### Given information
• • • •

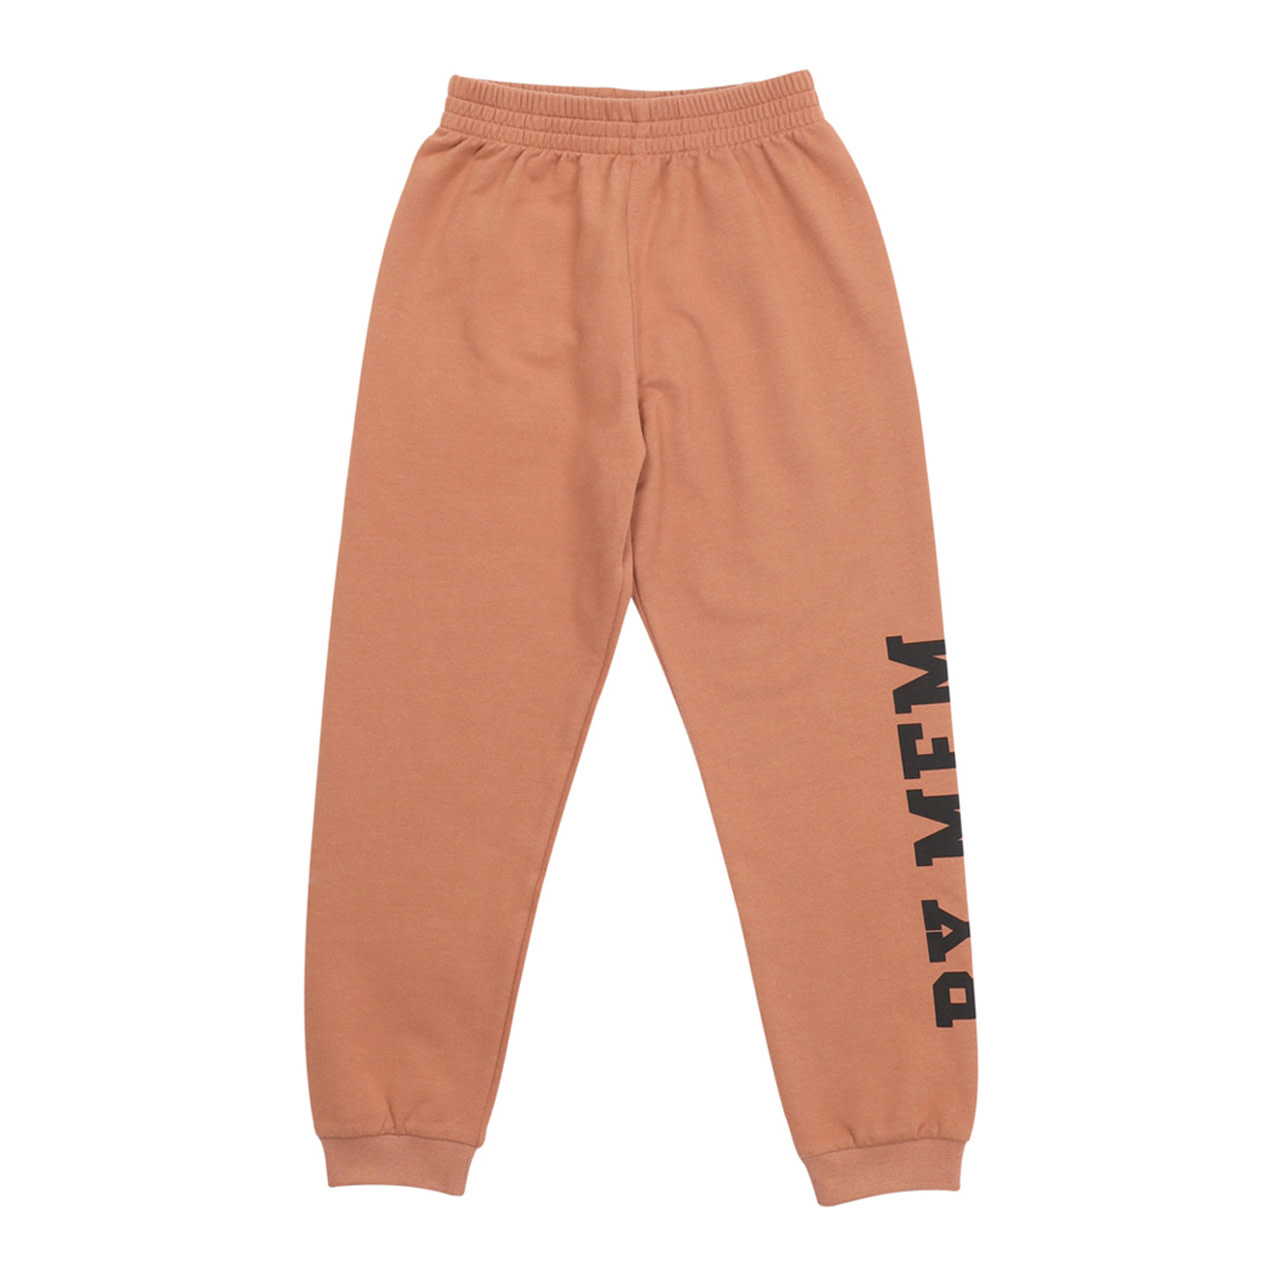 Jogging pants dirty dingo-1
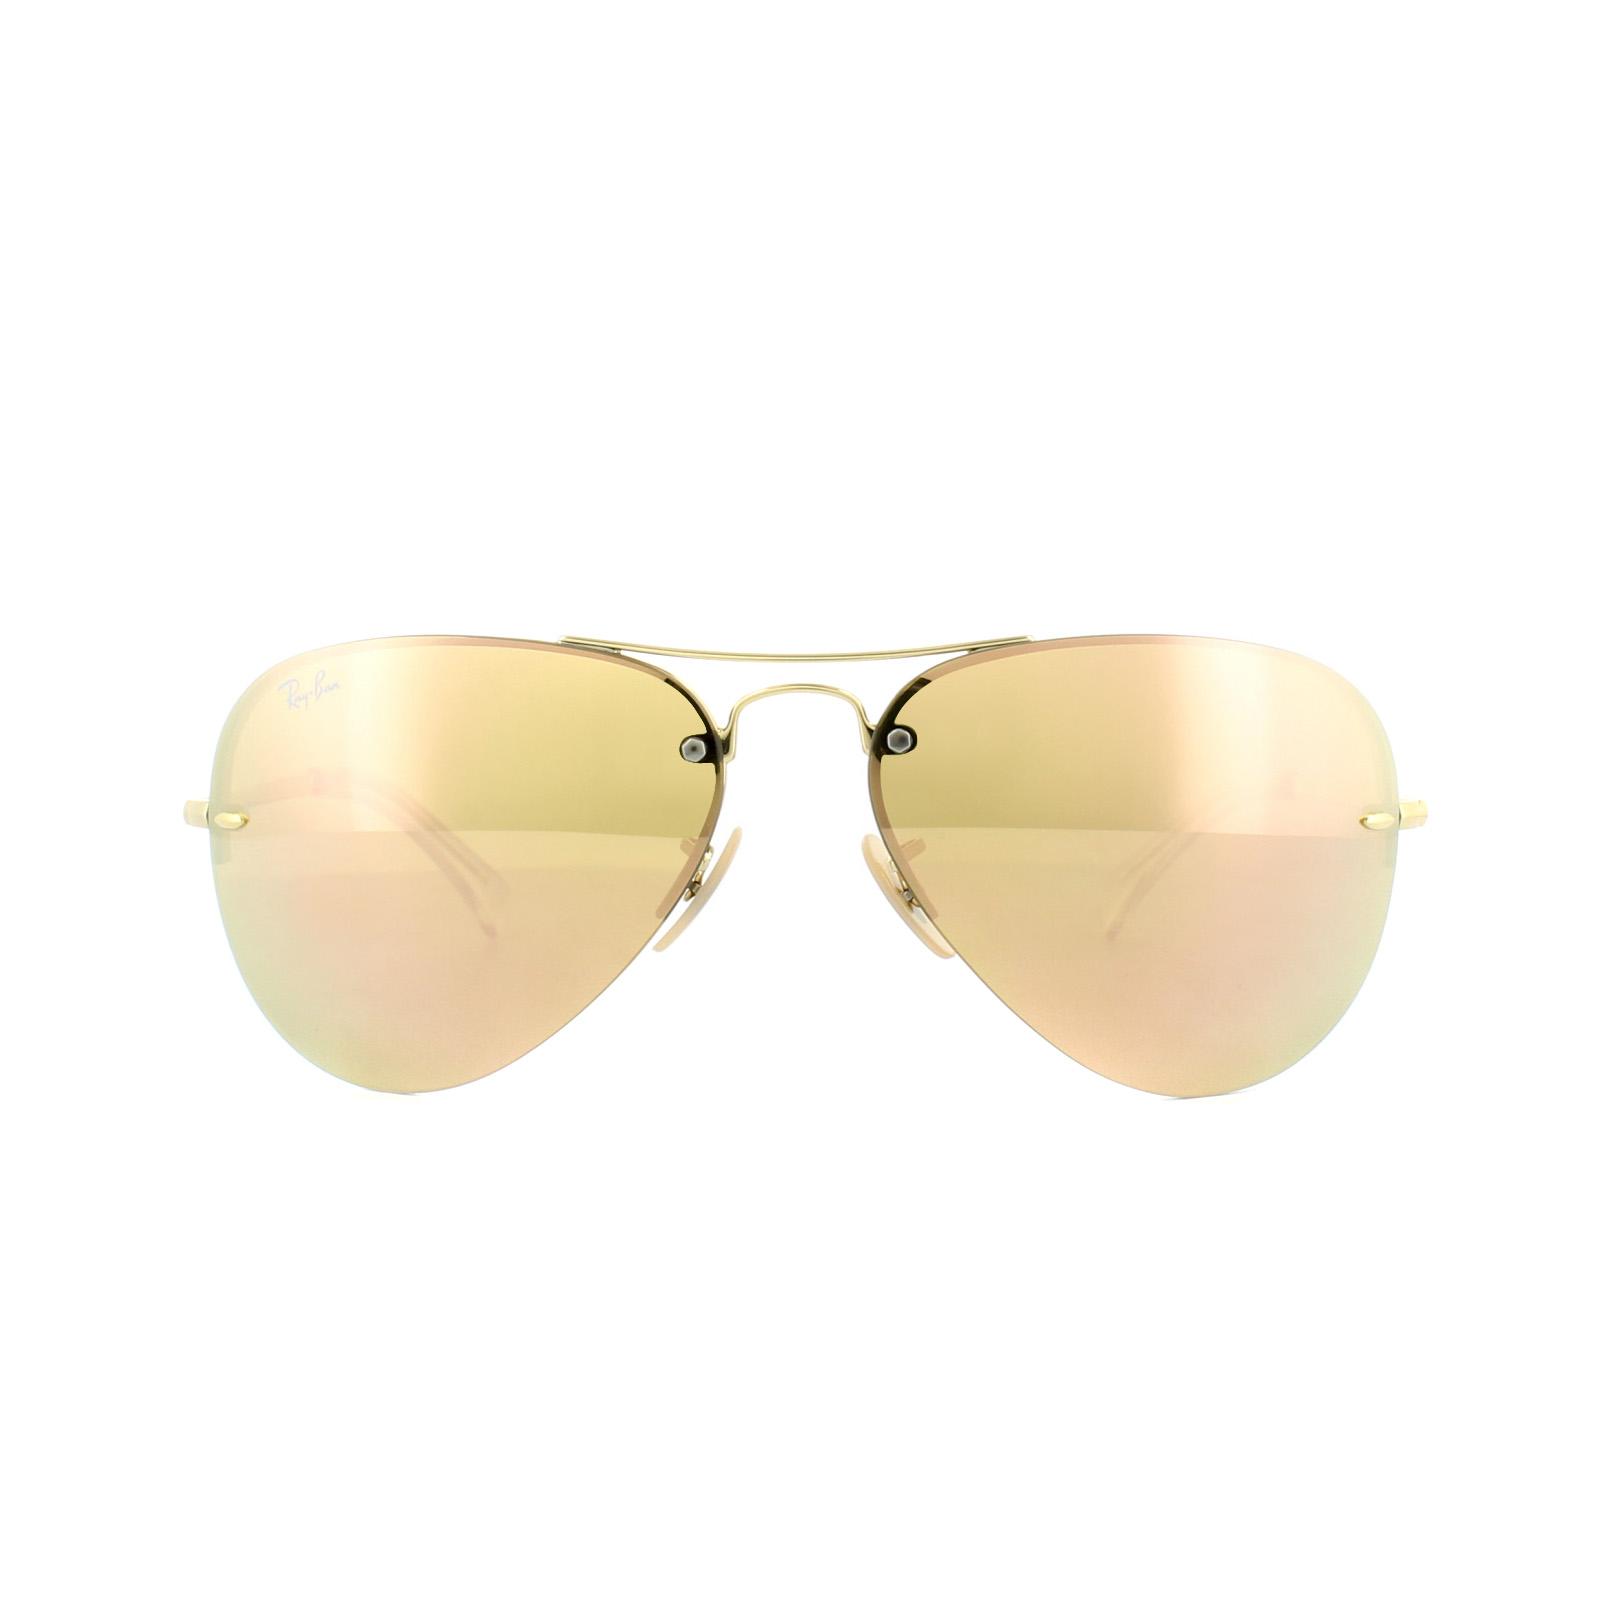 a7f602a6fb6 Ray-Ban Sunglasses 3449 001 2Y Gold Copper Mirror 8053672508093
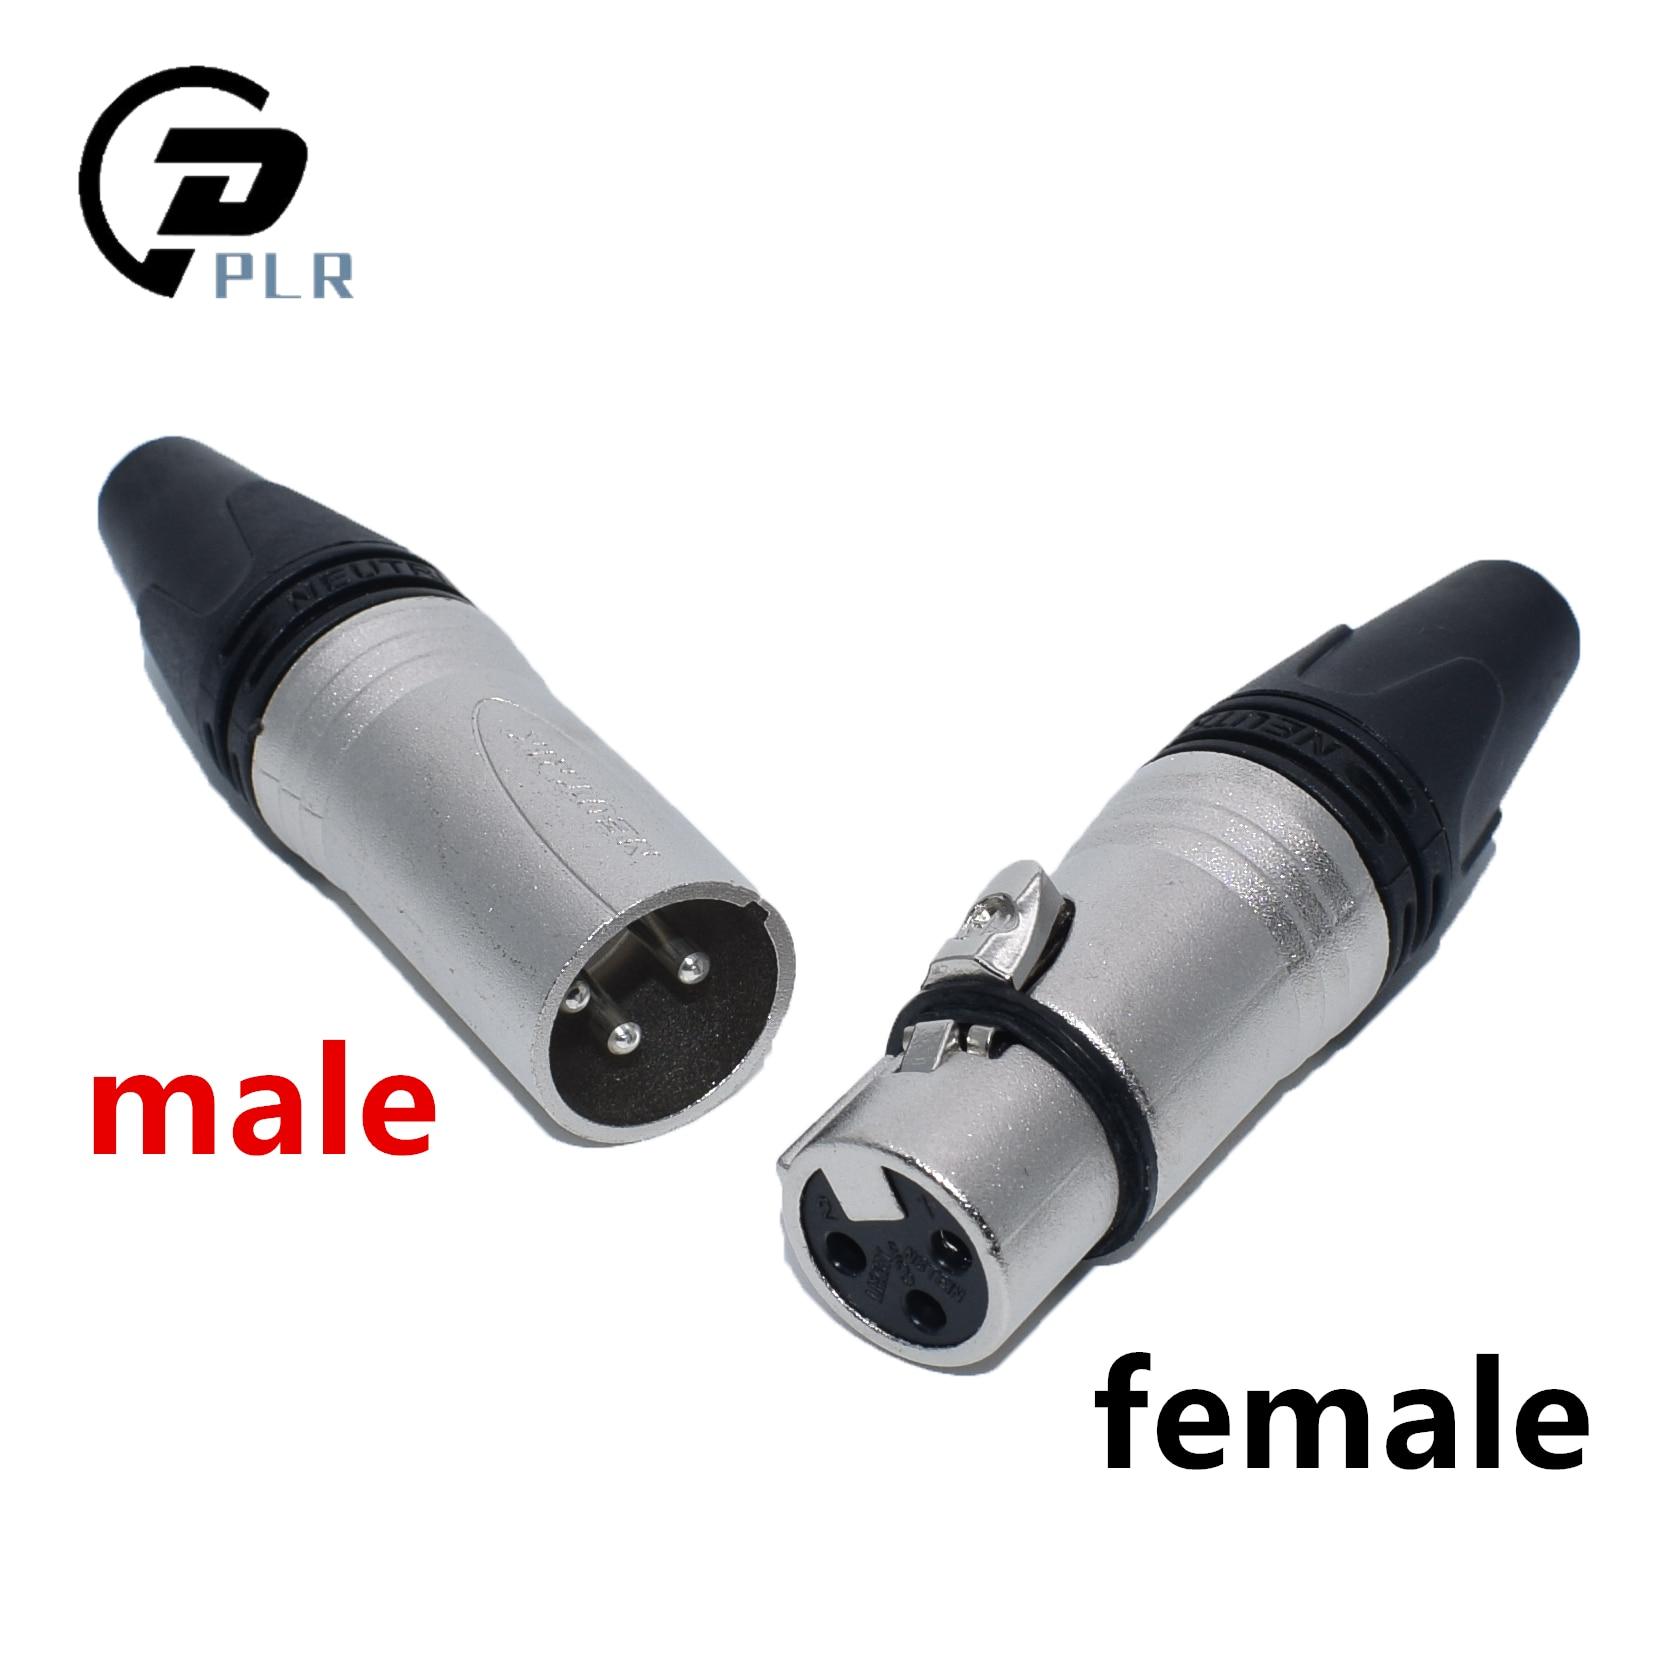 50Pcs lot 25PCS NC3MXX 25PCS NC3FXX NEUTR1K Male and female A set 3Pin XLR Connector withe

• • • •

### Instructions for the task
The reply should hold every line of the material above, unchanged, and no pictures.

### Response
 Jogging pants dirty dingo-1
 a7f602a6fb6 Ray-Ban Sunglasses 3449 001 2Y Gold Copper Mirror 8053672508093
 50Pcs lot 25PCS NC3MXX 25PCS NC3FXX NEUTR1K Male and female A set 3Pin XLR Connector withe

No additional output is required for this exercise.